__Exercise aim__
Carry none of the pictures over; write out the complete data exactly.

__Recorded information__

- - -

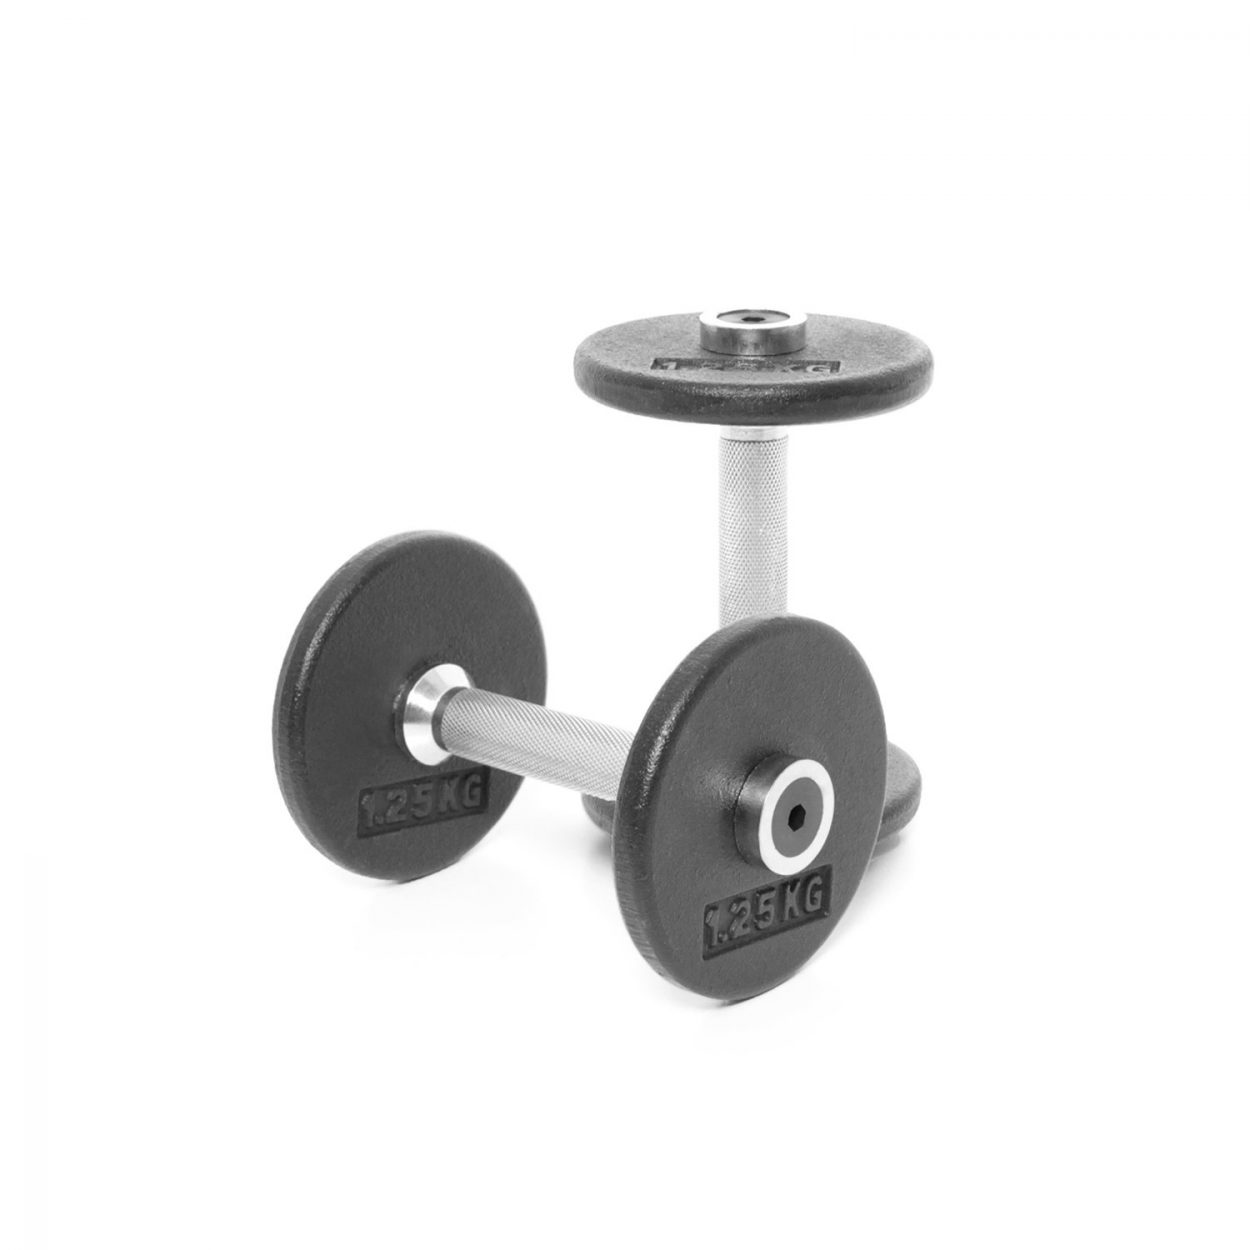 Body Power Pro-style Dumbbells 2.5kg (x2)
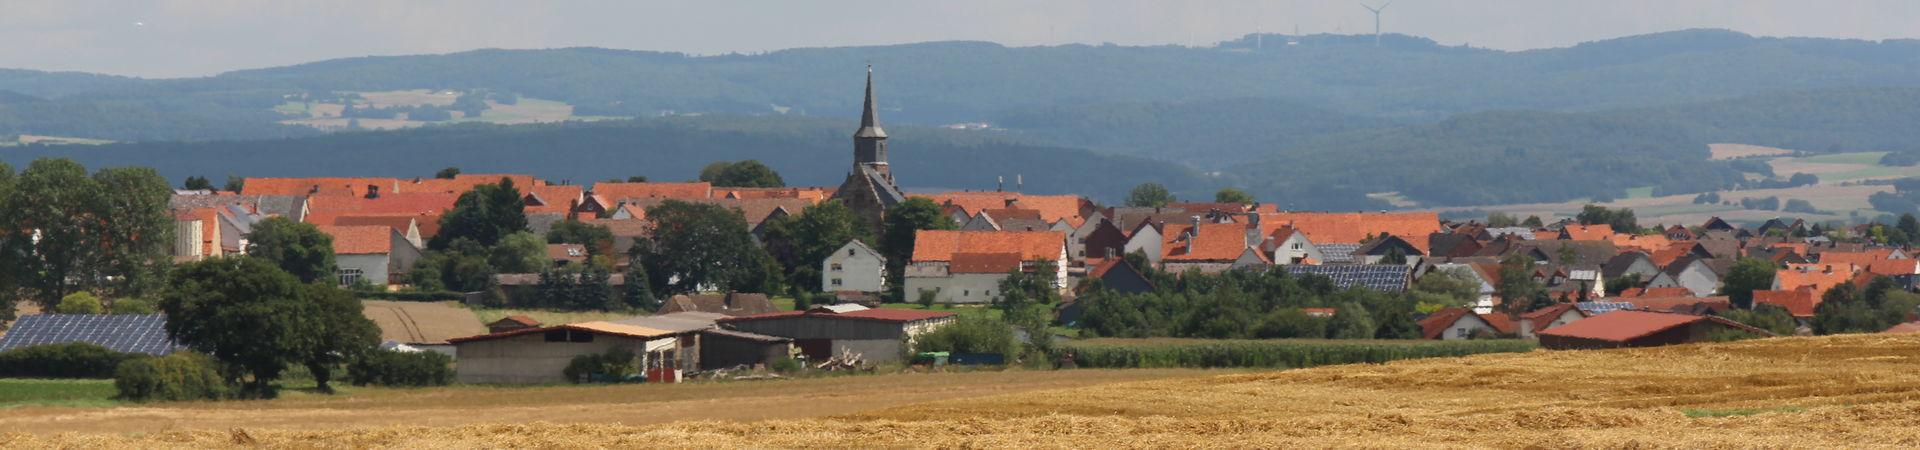 Wasenberg
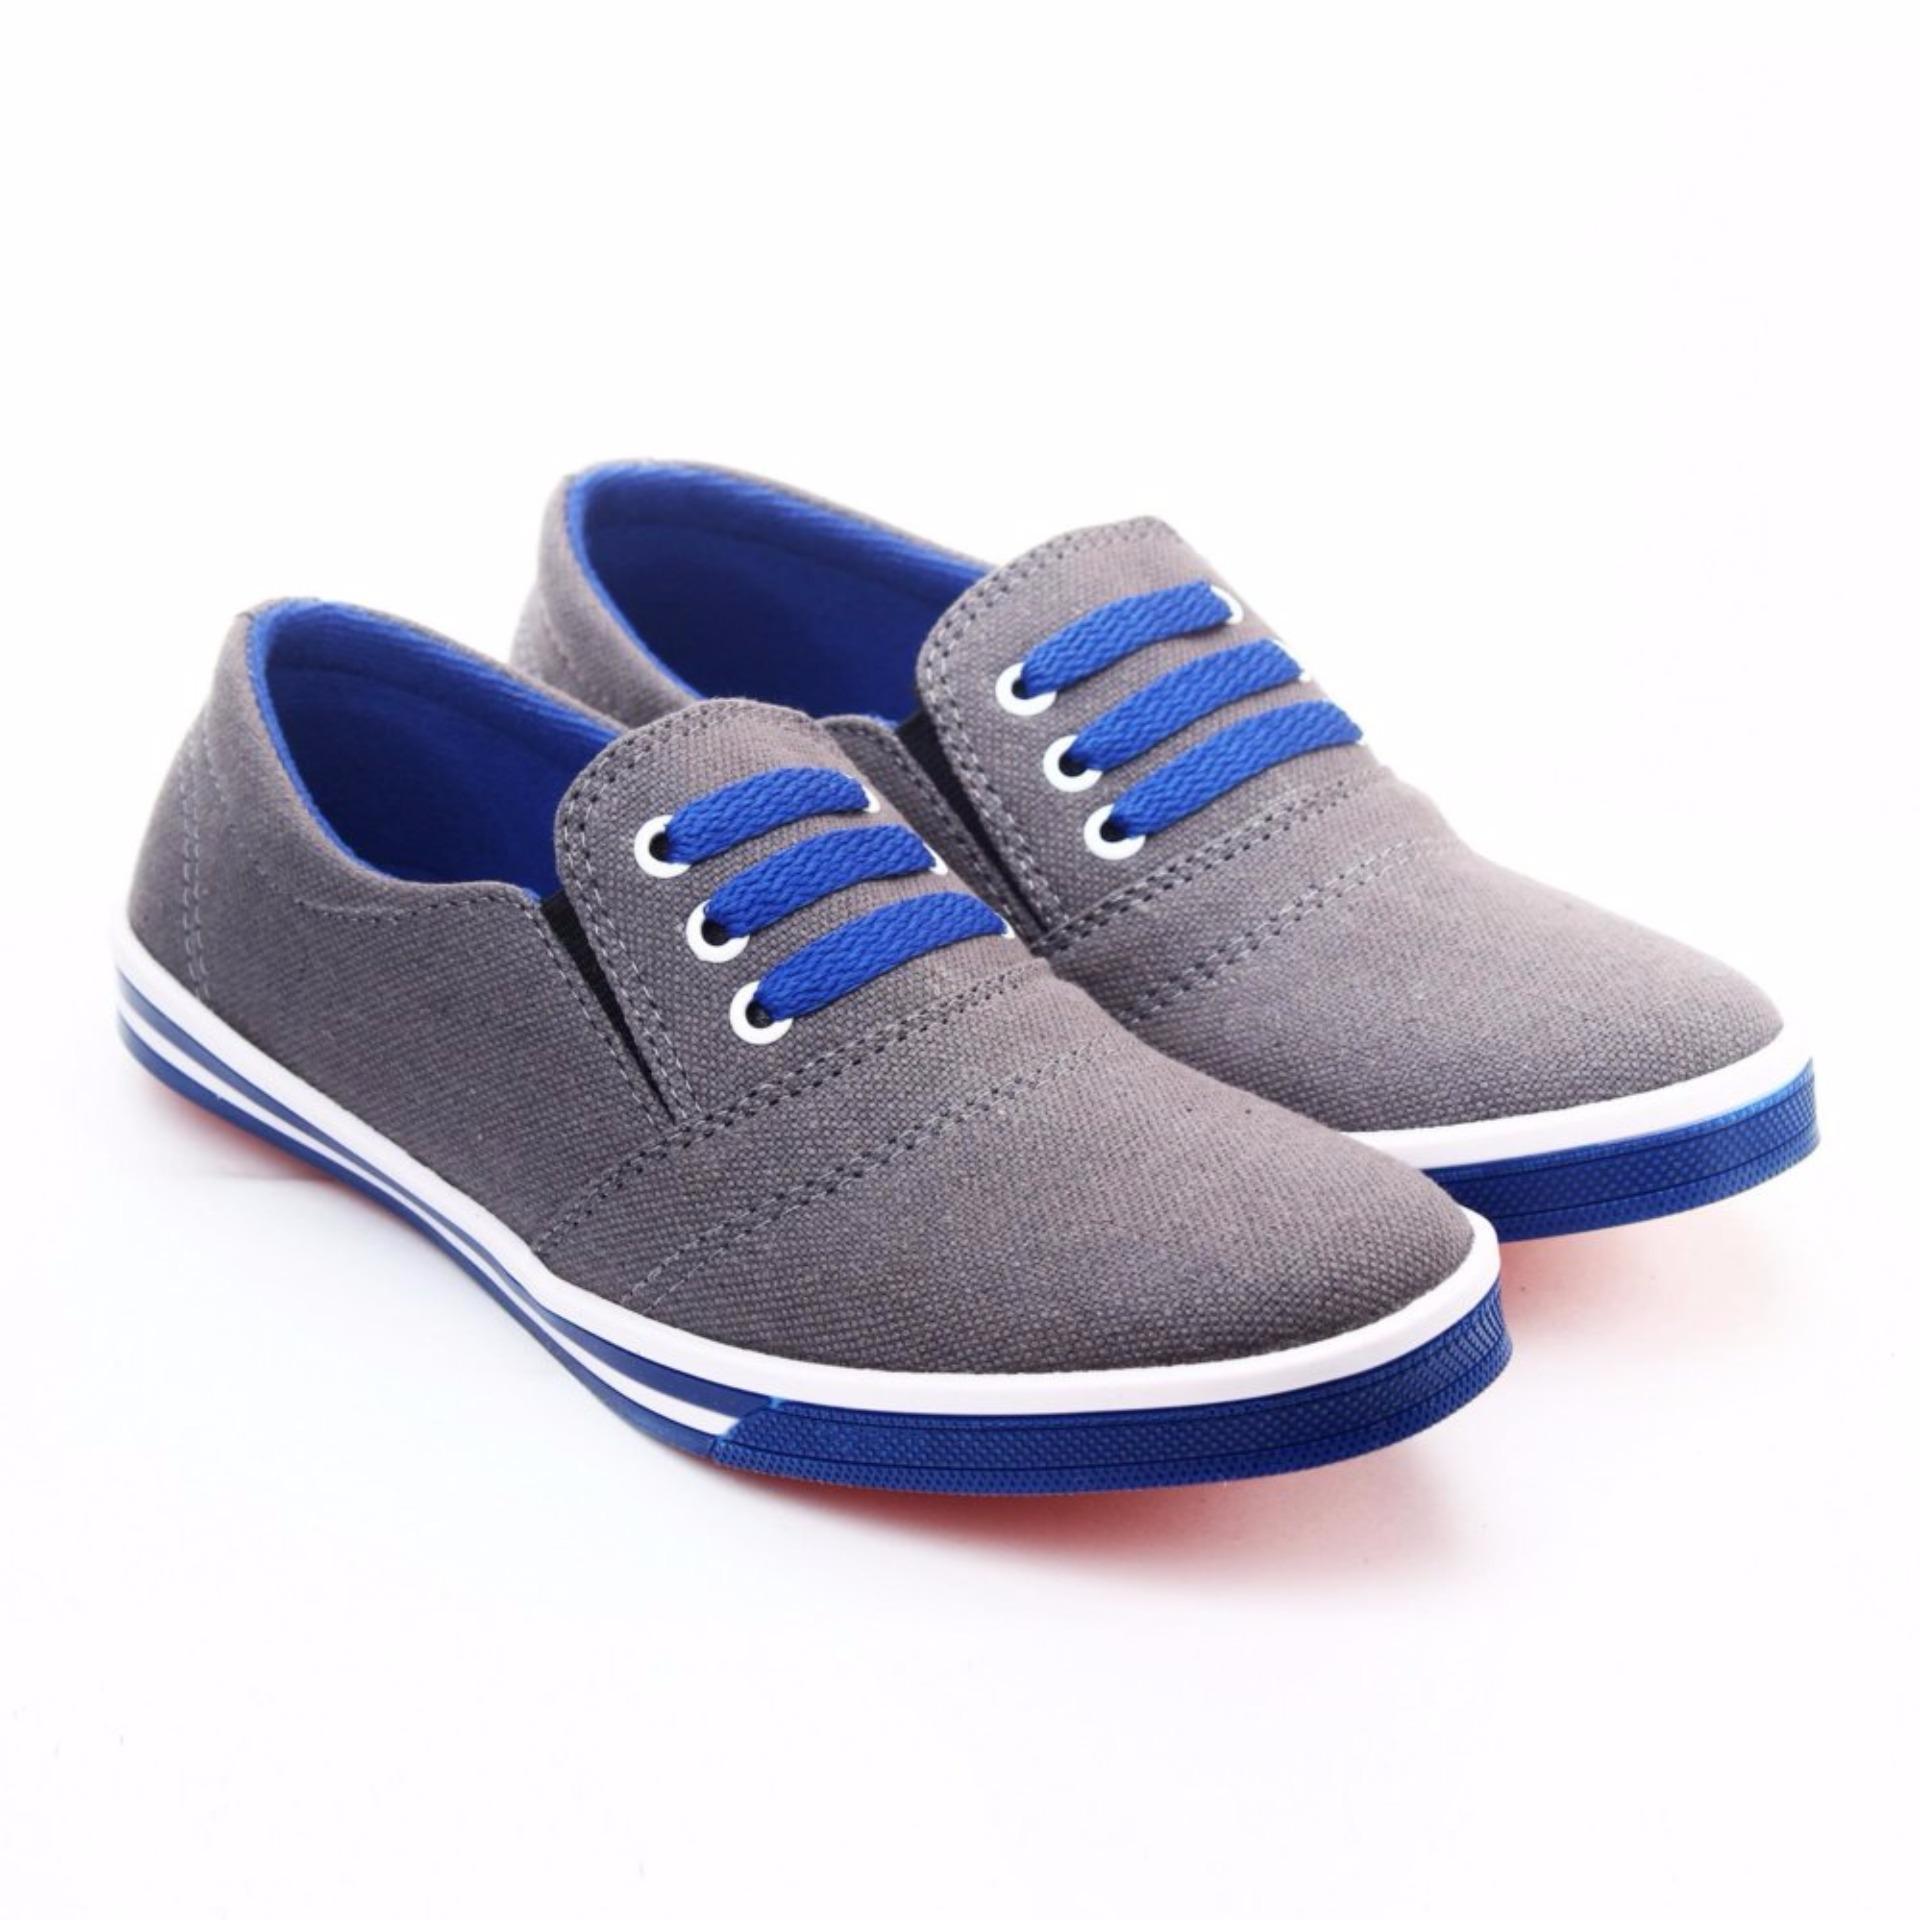 Cocok digunakan sehari-hari Yutaka Sepatu Kets Sneakers Abu-abu - Biru

- - -

__Answer space__
 Body Power Pro-style Dumbbells 2.5kg (x2)
 Wasenberg
 Cocok digunakan sehari-hari Yutaka Sepatu Kets Sneakers Abu-abu - Biru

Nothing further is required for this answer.